WHAT YOU SHOULD DO >> Copy the listing below in full and skip every picture.

SUPPLIED DATA >>
>>>>>

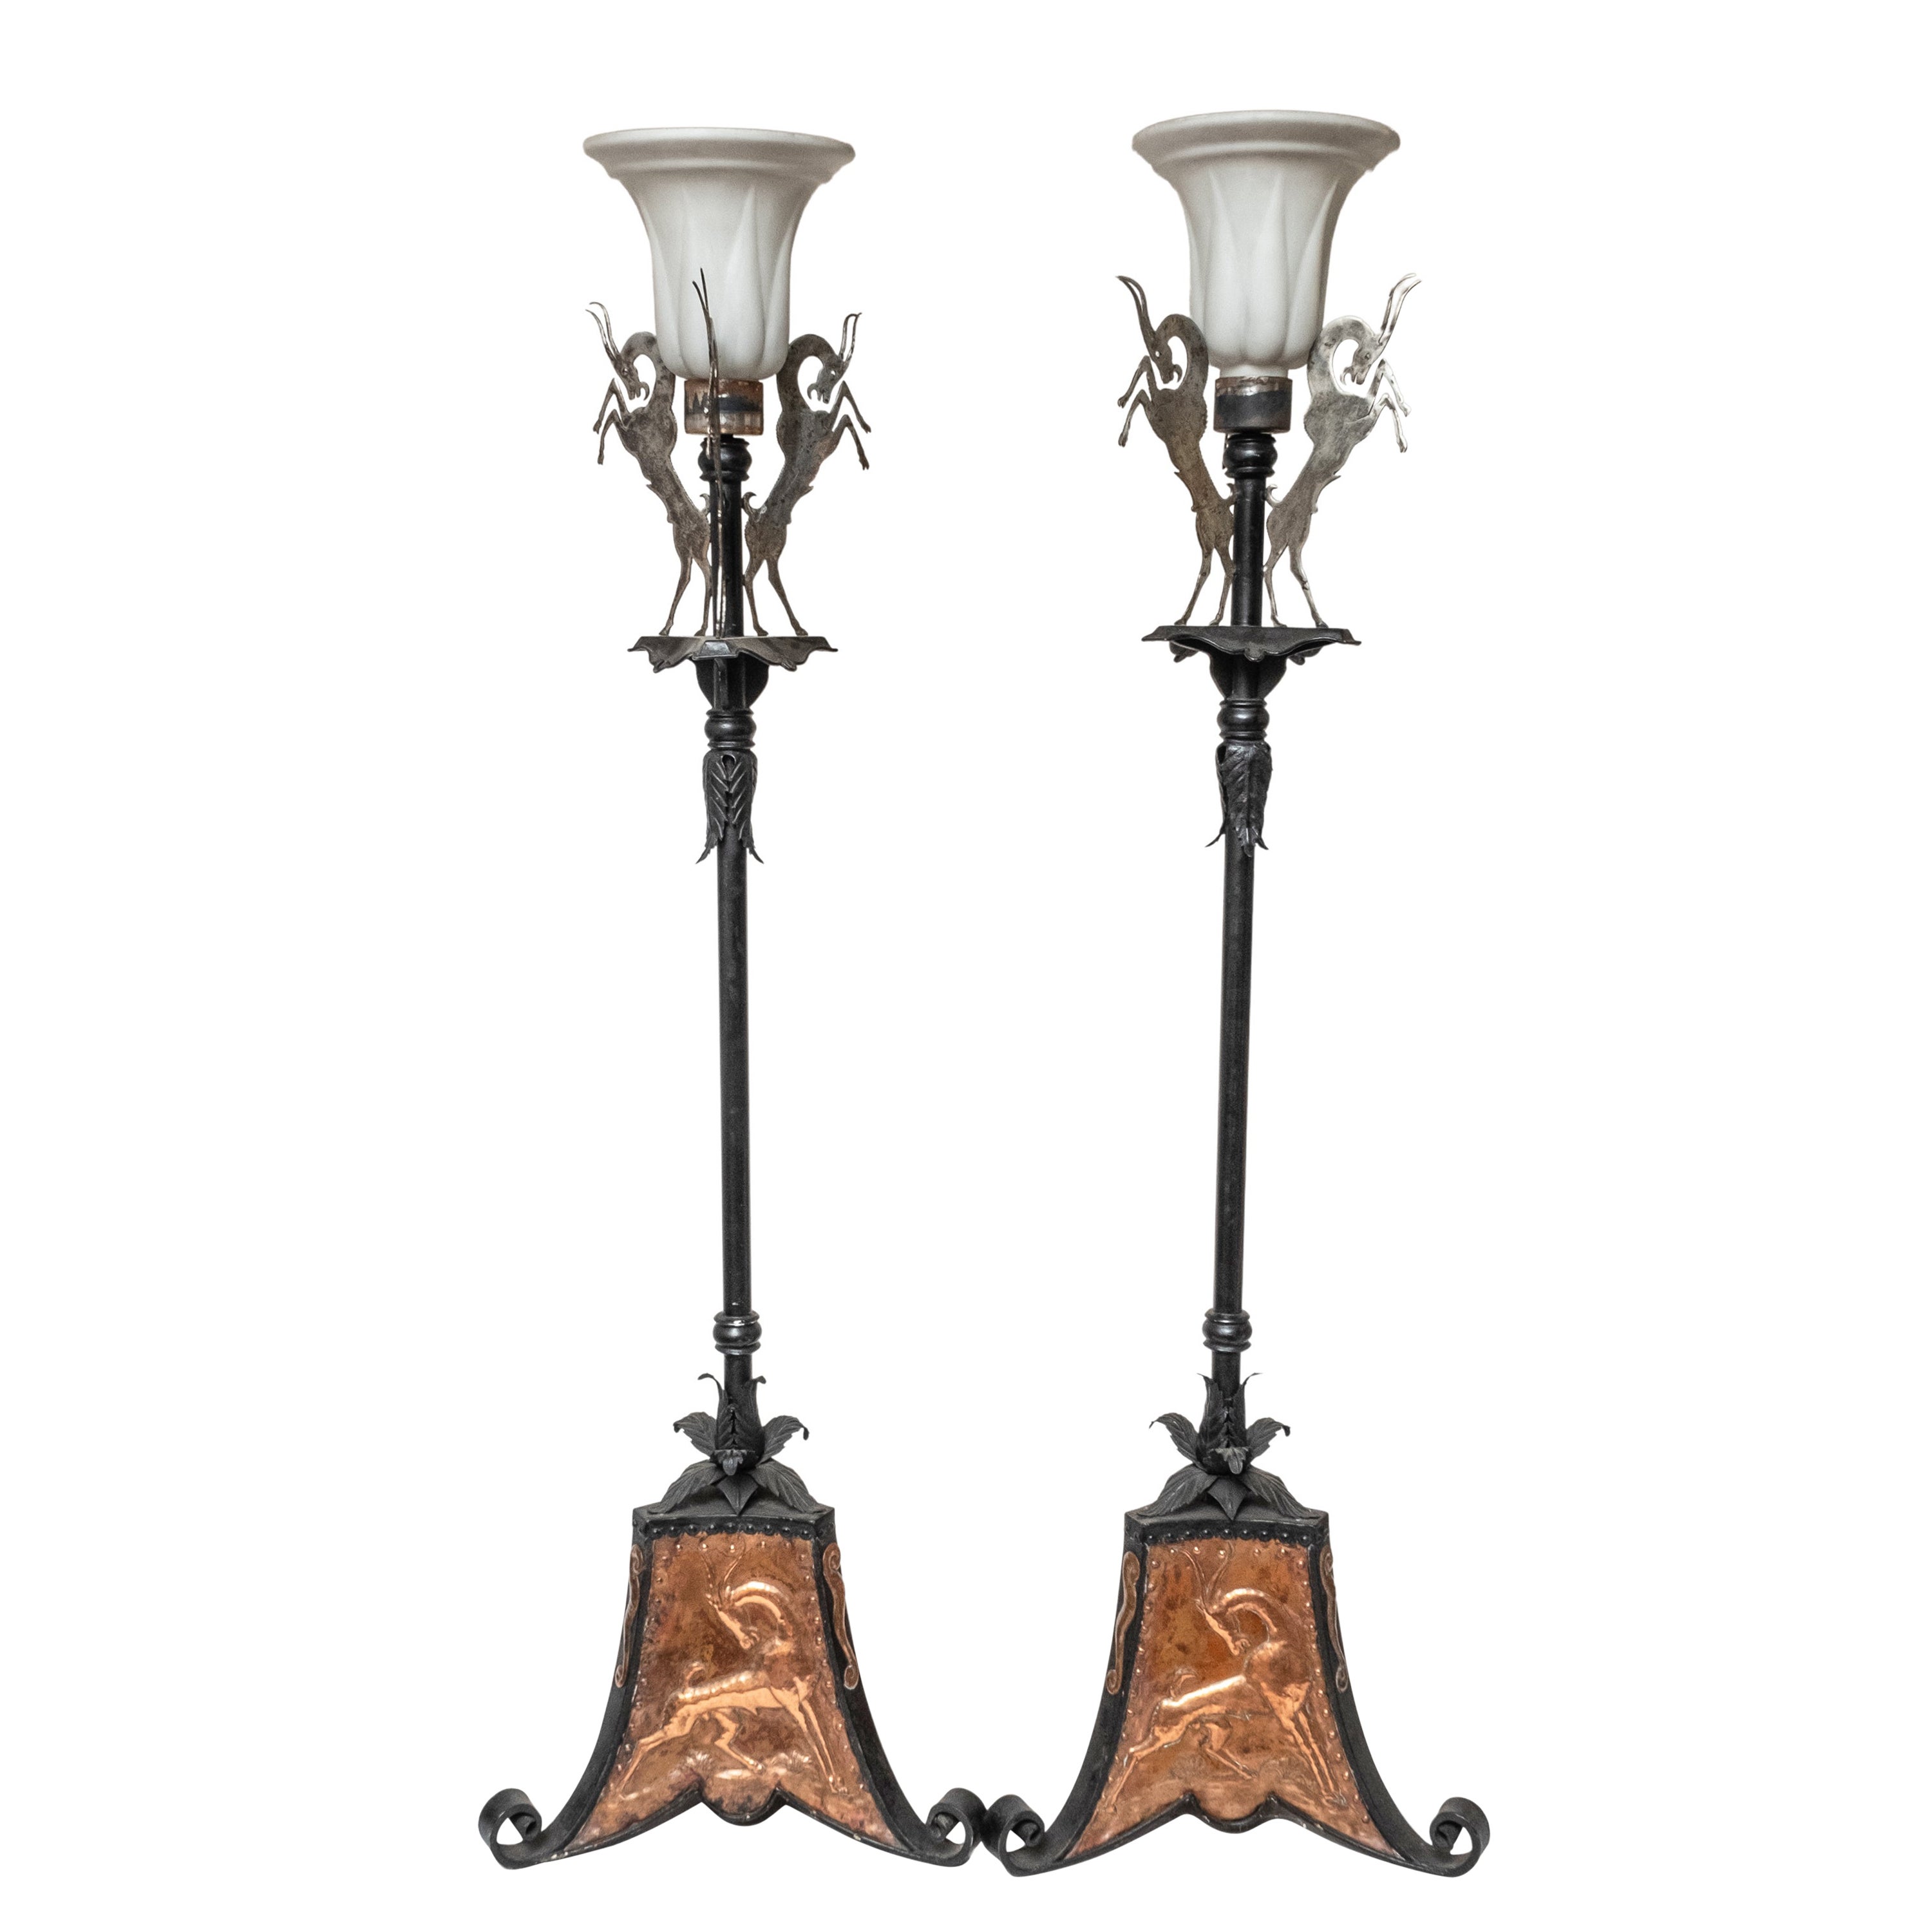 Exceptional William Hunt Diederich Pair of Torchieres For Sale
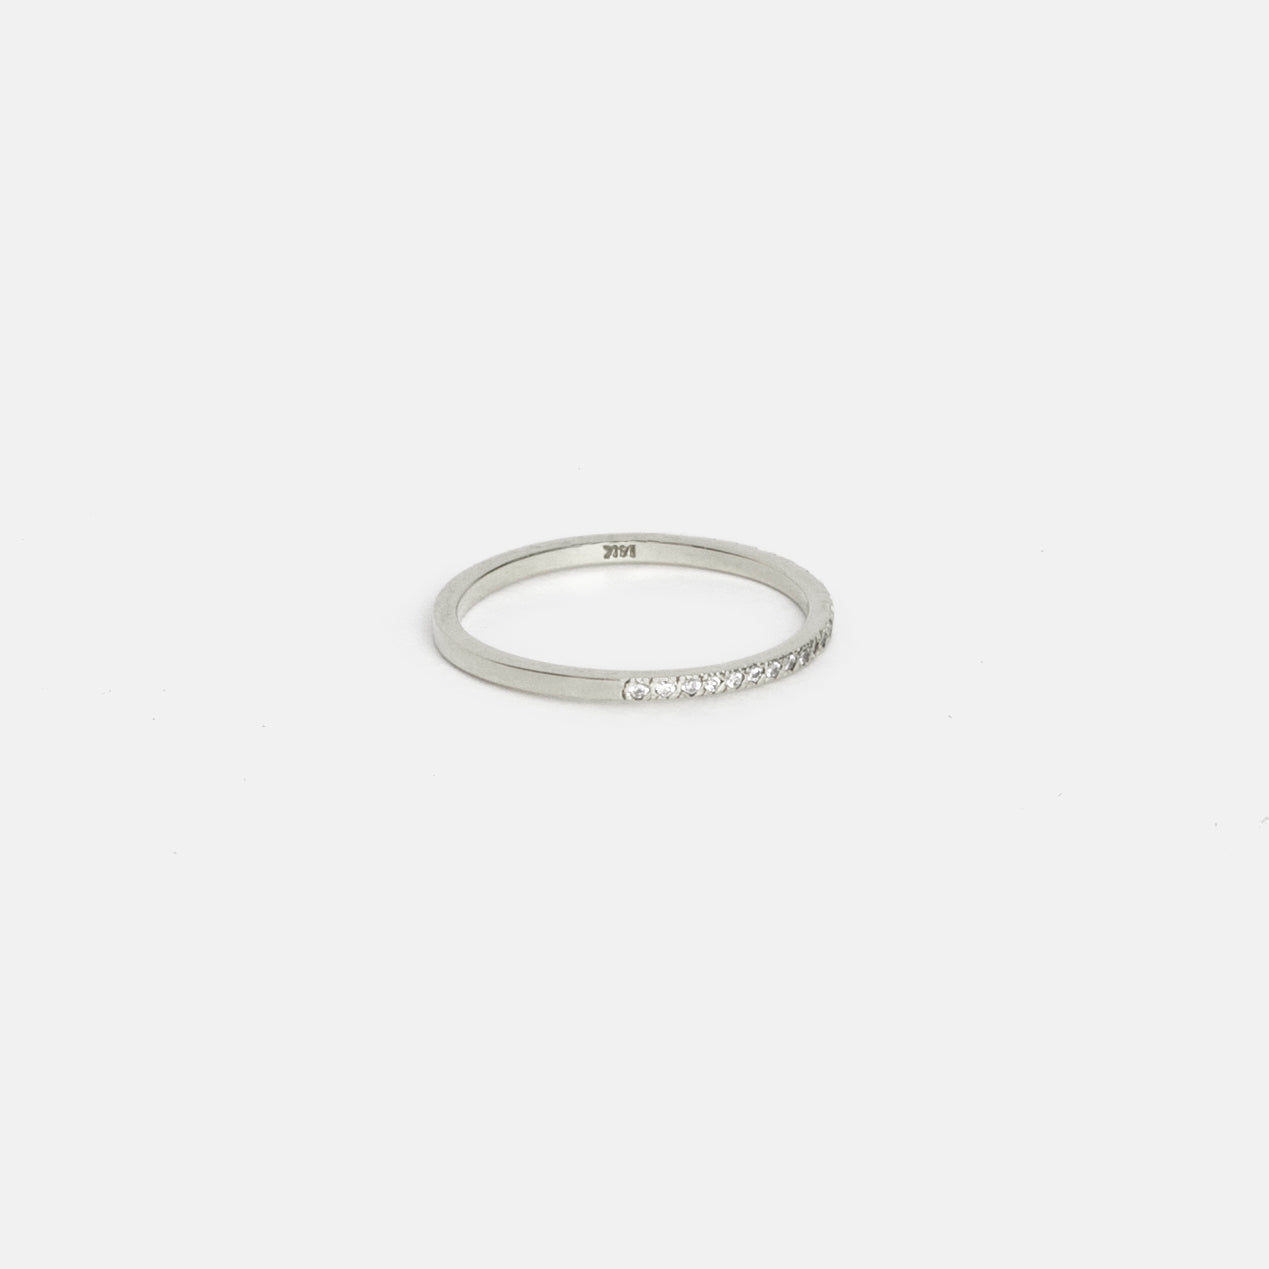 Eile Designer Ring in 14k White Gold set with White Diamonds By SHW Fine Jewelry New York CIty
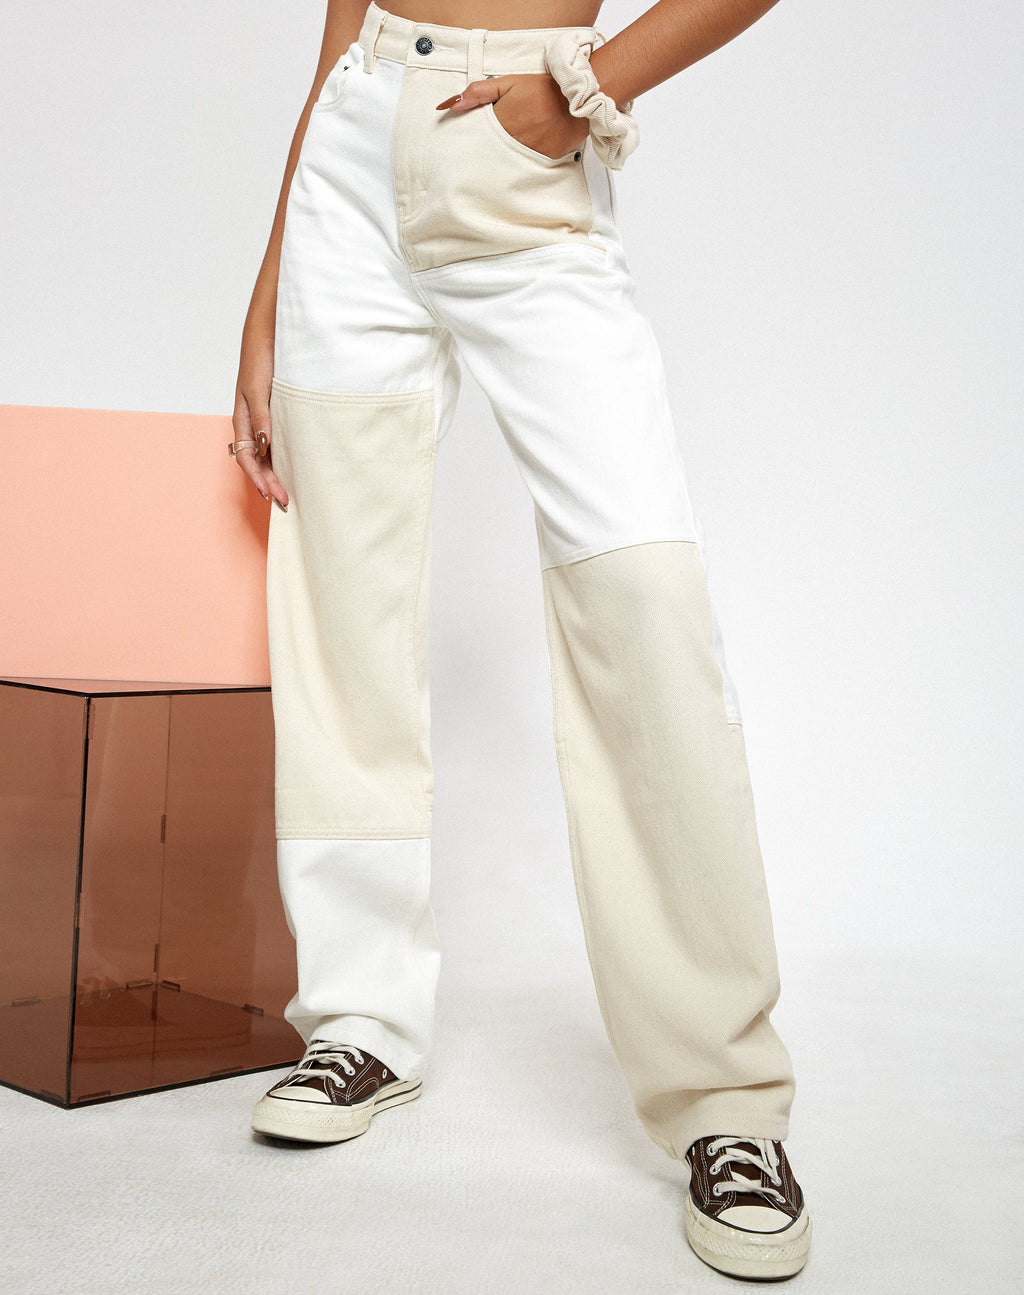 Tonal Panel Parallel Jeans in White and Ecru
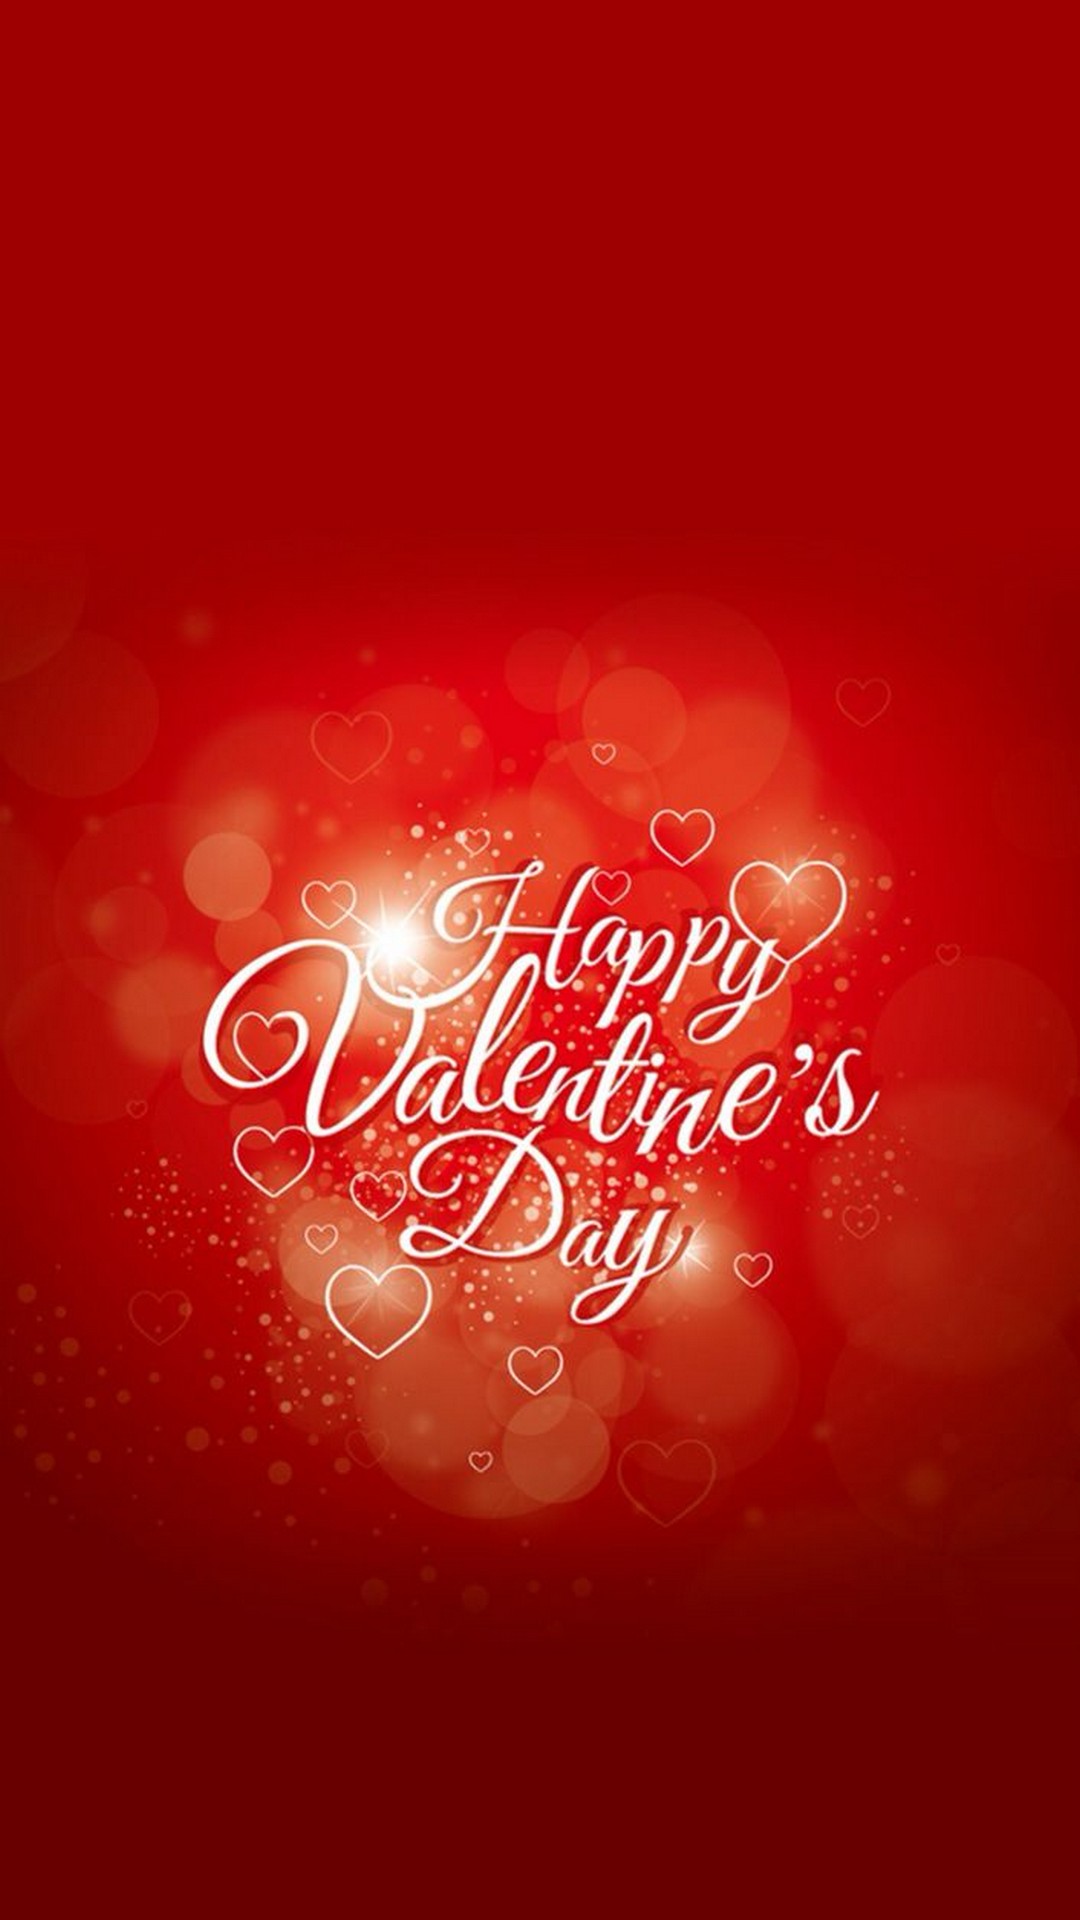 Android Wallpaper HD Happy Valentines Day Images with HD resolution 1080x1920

<<<<<

RESPONSE AREA >>
 Exceptional William Hunt Diederich Pair of Torchieres For Sale
 Eile Designer Ring in 14k White Gold set with White Diamonds By SHW Fine Jewelry New York CIty
 Tonal Panel Parallel Jeans in White and Ecru
 Android Wallpaper HD Happy Valentines Day Images with HD resolution 1080x1920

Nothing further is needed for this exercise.